Le Festival de Cannes s’est terminé ce samedi, couronnant le très attendu Parasite de Bong Joon-Ho d’une Palme d’Or qui fait bien plaisir. Mais avant d’évoquer prochainement le cinéaste coréen, direction Hollywood. Et Quentin Tarantino.

 

LA CRITIQUE

Chaque nouveau projet de Quentin Tarantino semble être le plus important de toute sa carrière, celui dans lequel il a mis toute sa personnalité, toute son expérience et pour lequel il a attendu le bon moment. Once Upon a Time… in Hollywood ne déroge pas à cette règle paradoxale, et débarque donc au festival de Cannes 25 ans après la palme d’or pour Pulp Fiction, avec l’intention de raviver une époque capitale pour le réalisateur cinéphage.

Bienvenue donc en 1969, à Hollywood. Ou plutôt il était une fois 1969, à Hollywood…

Le titre du film est on-ne-peut-plus explicite quant aux intentions de Tarantino, né en 1963 et qui a passé une partie de son enfance à Los Angeles, dont l’année 69 a été marquée notamment par l’assassinat de Sharon Tate par le clan de Charles Manson.
Ce film, c’est l’occasion pour le cinéaste de retourner à ses origines et de mettre en scène l’industrie qui l’a fait rêver gamin, à la base de toute sa cinéphilie. Au cœur du film, on retrouve donc l’acteur fictif Rick Dalton (Leonardo DiCaprio), toujours suivi par son cascadeur et assistant Cliff Booth (Brad Pitt). Abonné aux séries TV et ayant du mal à percer au cinéma alors qu’il commence à devenir trop vieux pour être une star, Rick Dalton va alors tout tenter pour sauver sa carrière et ne pas disparaitre des projecteurs. Son parcours, fait de rencontres avec un agent, de célébrités dans des soirées guindées ou de tournages, va permettre à Tarantino de replonger tête baissée dans cette époque qui lui est chère, au fil d’une reconstitution ultra soignée, où les rues d’Hollywood ont bel et bien étés redécorées pour retrouver leur cachet d’antan, afin que le casting s’y retrouve aussi fidèlement qu’en ayant utilisé une machine à remonter le temps. De ce point de vue-là, le film est bien une lettre d’amour à l’âge d’or du cinéma hollywoodien, où le cinéaste se complaît à imaginer ses personnages croiser des légendes tels que Bruce Lee ou Steve McQueen, reconstitue l’atmosphère joyeuse et faste des tournages de l’époque, filme avec un enthousiasme évident l’effervescence du milieu, le vivier de talents bruts et la liberté d’une industrie qui s’émancipait de toute contrainte, des films comme Easy Rider, La Horde Sauvage ou Macadam Cowboy étant les succès du moment.

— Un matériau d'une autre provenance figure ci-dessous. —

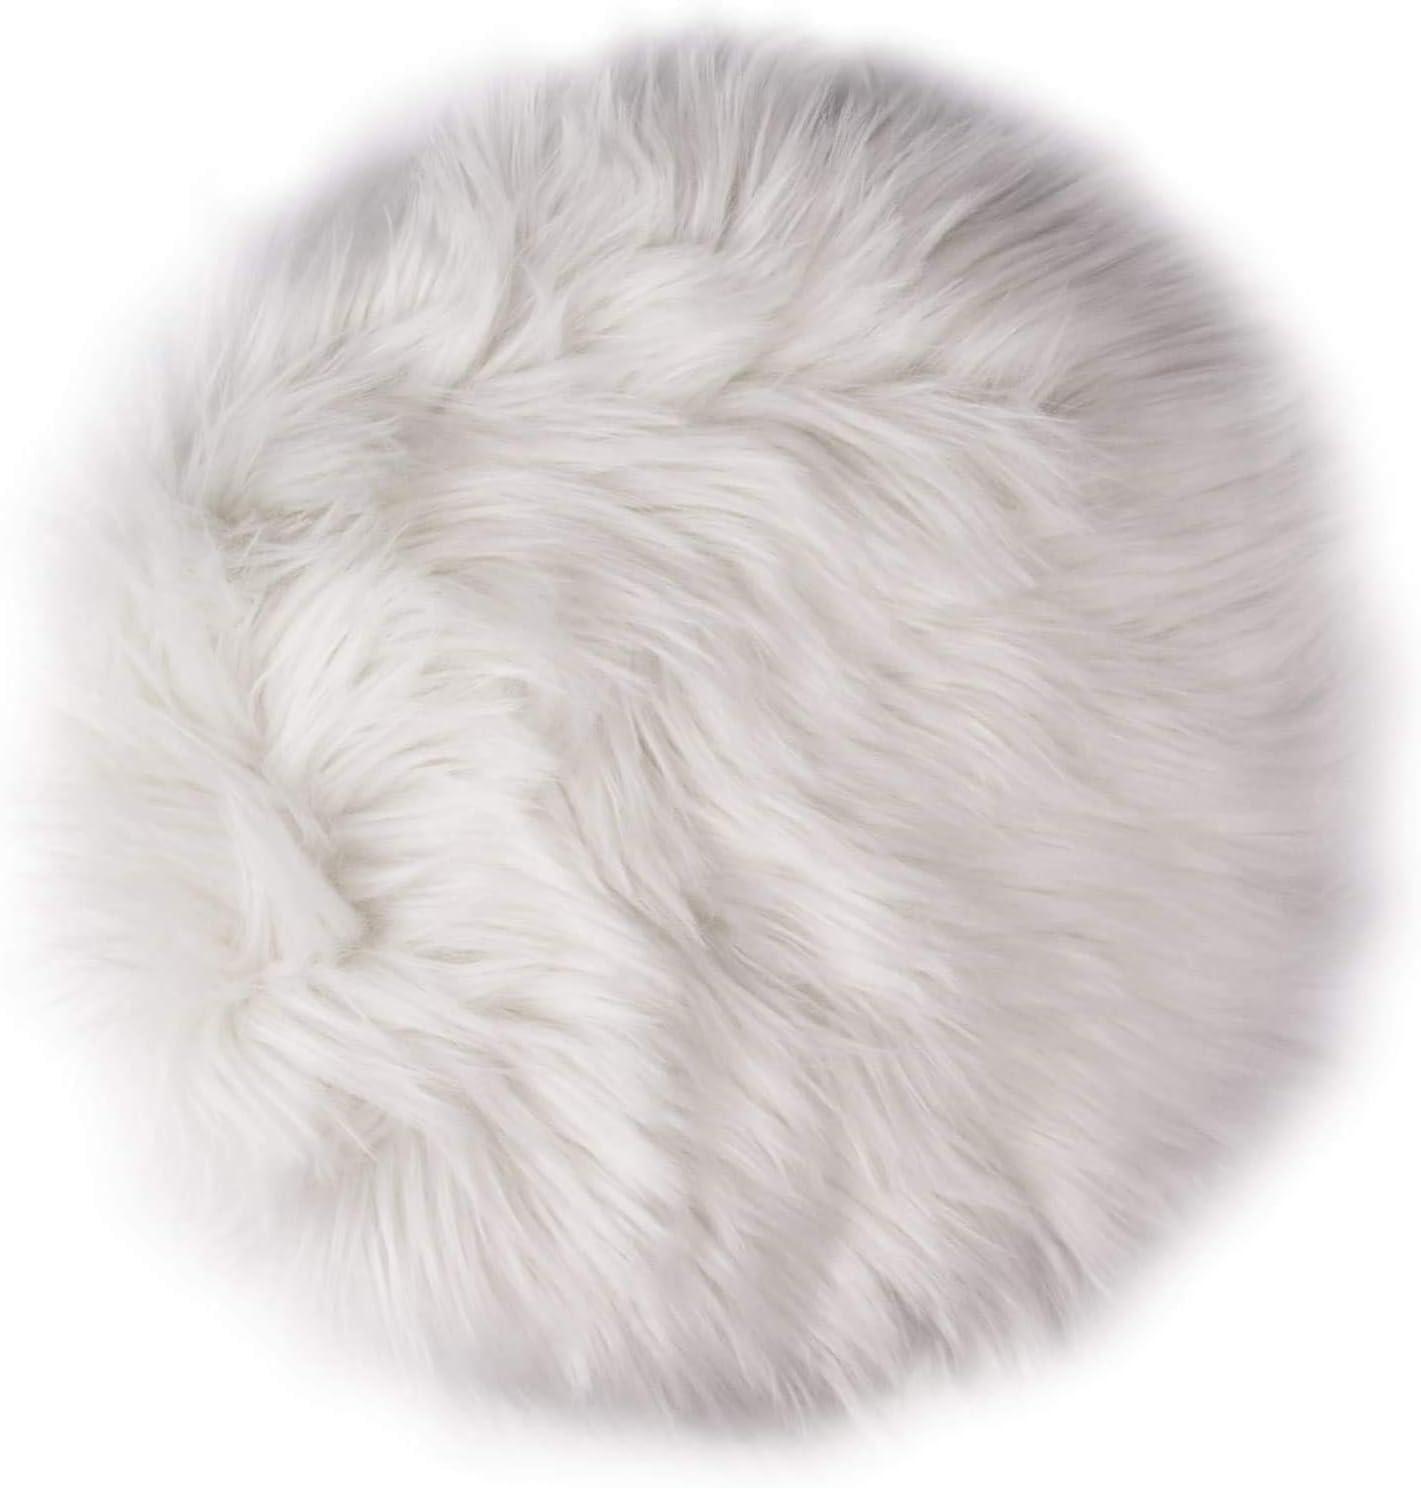 12 Fresno Mall Inches Cheap Mini Round Faux Fur Sheepskin Fluffy Room Living Rugs

Un tel projet est évidemment ultra alléchant sur le papier tant le cinéaste est réputé pour sa capacité à procurer du plaisir via sa mise en scène, avec une énergie qui nous a toujours laissé pantois, et une filmographie alimentée majoritairement par sa cinéphilie gloutonne, où il transcende ses influences en les marquant de sa patte. On reconnaissait tous le costume jaune et noir de Bruce Lee sur Uma Thurman dans Kill Bill, mais ce n’était qu’une des innombrables références remixées au shaker Tarantino, dont la passion et le talent lui permettait d’en ressortir un film tout à fait singulier, avec une histoire inédite et forte, et qui ne nécessitait même pas de connaître les œuvres citées pour en profiter.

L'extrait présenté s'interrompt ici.